In keeping with Visa’s all-you-need theme, Leo Burnett’s New York Festivals Gold-winning spot ‘Vending Machine’ features a gigantic vending machine filled with all kinds of things you don’t need. . . but really, really want.
Some fancy sports cars, a grand piano, a fireplace with a roaring fire, a few boats and the piece de resistance, E3, a shiny new red motorcycle, occupy the space inside a larger-than-life, brightly lit vending machine parked between the buildings of a busy street.
Agency art director Kelly Zettel and copywriter Susan Elsley coined the monster-machine concept for Visa Gold to stress the big-money spending power of the higher-end card.

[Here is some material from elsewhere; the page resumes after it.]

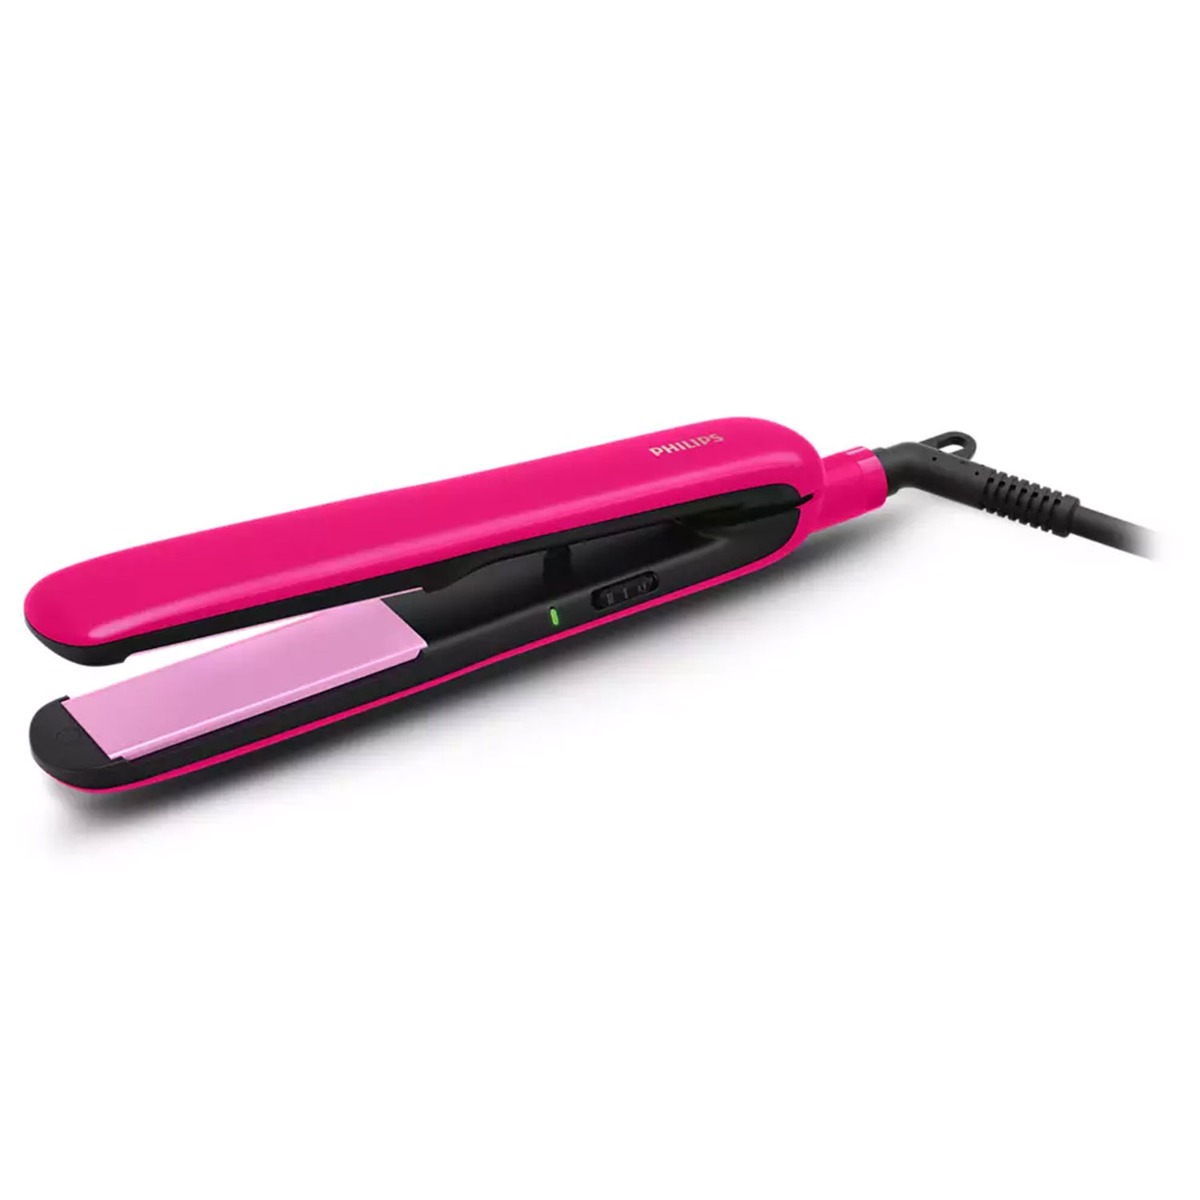 Philips Straightener With Silkprotect Technology, BHS393/00

‘We were trying to show someone buying something expensive without going the route of travel, we’ve seen that enough,’ says Elsley. ‘We wanted to come up with a way we could show someone buying something they could hold in their hand and do it in a way that left a smile on your face.’
The lucky pedestrian who stumbles upon the vending machine was shot on a street in front of a blue screen by Avion Films director Justin Klarenbeck (then with The Partners’ Film Company) and dop Doug Koch. The expensive toys were shot in-studio, as was the first row of the machine, the door and the key pad, which were constructed on-set.
The remaining levels of the vending machine were digitally painted in sgi and Mac by Axyz matte painter John Fraser using a combination of Photoshop and Matador. Andy Ames put it all together at Panic & Bob.
What makes the spot successful, according to Fraser, is the combination of the performance with the illusion.
‘The illusion is nothing without what leads up to it, it’s just a big vending machine,’ he says. ‘What makes it work is the fact that the story hangs together as an edit to get you there and it has a certain lightheartedness.’
All the emphasis of the spot is on the last shot, the big vending machine reveal, which meant if it wasn’t successful as a support for the action, then the whole commercial died.
‘The challenge was to make it so it all went in flow and didn’t overpower the evolution towards the shot, but at the same time accomplished the task of holding it together,’ says Fraser. ‘That’s the thing about matte shots, they have to have the strength to do their job but they shouldn’t overpower or stand out conspicuously. The fact is, you shouldn’t know it’s a matte shot, except for the fact that vending machines are not that big.’